Jesus Is Life

LO QUE HACEMOS DEBE TRAER GLORIA A DIOS

LO QUE HACEMOS DEBE TRAER GLORIA A DIOS

A no todo el mundo le gusta hablar en público, esto se puede deber a diversas causas, pero la causa más común para que las personas no les guste es porque tienen pánico escénico. Muchas personas con este miedo evitan las situaciones en las que tienen que hablar en público por completo o sufren en su transcurso, con las manos y la voz temblorosas, y en muchas ocasiones prefieren que otros hablen por ellas. En contraste a este grupo, existe otro grupo de personas que les fascina estar al frente del público, les gusta estar en un auditorio lleno de personas y ser el punto de atención. Estas personas tienen la facilidad para hablar fluidamente sin ninguna clase de temor. Al grupo de personas que no tiene pánico escénico, el apóstol Pedro les hace el siguiente llamado para que utilicen de la mejor manera esa facilidad de expresarse en público: ¿Has recibido el don de hablar en público? Entonces, habla como si Dios mismo estuviera hablando por medio de ti. ¿Has recibido el don de ayudar a otros? Ayúdalos con toda la fuerza y la energía que Dios te da. Así, cada cosa que hagan traerá gloria a Dios por medio de Jesucristo. ¡A él sea toda la gloria y todo el poder por siempre y para siempre! Amén. 1 Pedro 4:11 NTV.

Desde el momento que la persona recibe a Cristo como su Señor y Salvador, es dotado con un Don sobrenatural para que lo ponga al servicio del cuerpo de Cristo. Uno de estos dones sobrenaturales es el don de la palabra, específicamente el don de la predicación. Los creyentes que han recibido del Espíritu Santo, el don para exponer el evangelio de la salvación y la vida eterna, no tienen miedo de expresarse en público, más bien su hablar es fluido y tienen la capacidad para llegar con el mensaje a sus oyentes. A este grupo de creyentes, el apóstol les dice que hablen como si Dios mismo estuviera hablando por medio de ellos. Es decir, que no expongan el mensaje de Dios ofreciendo sus opiniones particulares o propagando sus propios prejuicios, sino como el que transmite el más puro mensaje de las Sagradas Escrituras sin ninguna clase de distorsiones. La predicación no se hace para que el predicador despliegue sus cualidades sino para poner a la gente cara a cara con Dios. Además, todo aquel que lleva a cabo esta clase de ministerio debería hacerlo con el humilde reconocimiento de que es Dios quien le da el poder para ello, entonces la gloria irá a Dios a quien le pertenece.

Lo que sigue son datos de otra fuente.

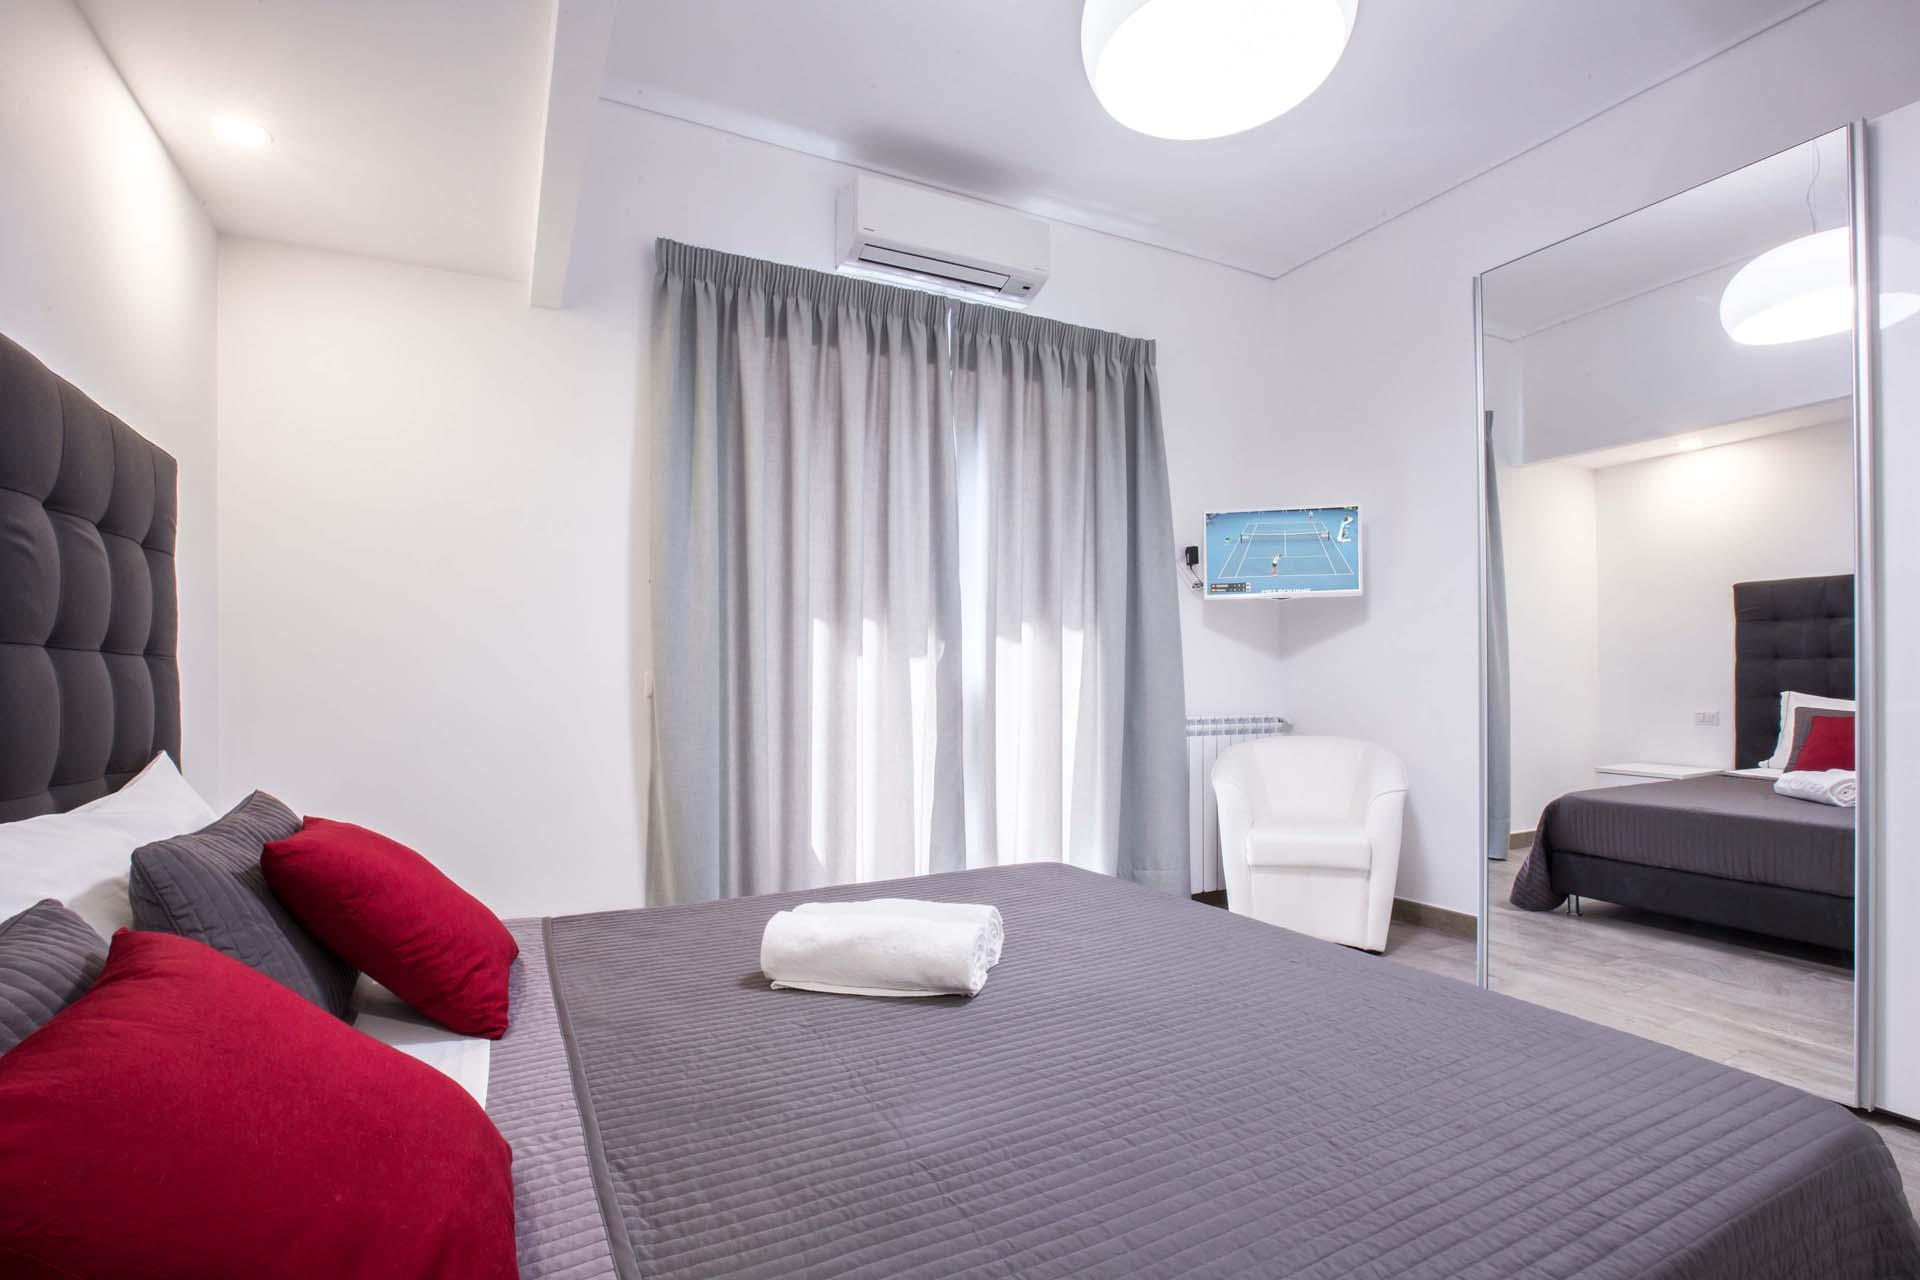 Conny's luxury maison bedroom

Si hemos sido dotados por el Espíritu Santo para predicar o enseñar la Palabra de Dios, no tengamos miedo de hacerlo, expongamos claramente el evangelio de la salvación tratando de que nuestras palabras sean las mismas palabras que Dios quiere que digamos en aquella ocasión particular. No es suficiente que prediquemos en base de las Sagradas Escrituras, debemos tener también la certidumbre de que estamos presentando el mensaje en particular que Dios quiere para aquella audiencia en aquel momento específico. Solo si hacemos las cosas en conformidad a la voluntad y los designios de Dios, haremos venir la gloria a Dios por medio de Jesucristo. Solo a nuestro bendito Señor y Salvador le pertenece toda la alabanza, toda la gloria y todo el poder por siempre y para siempre, Amén.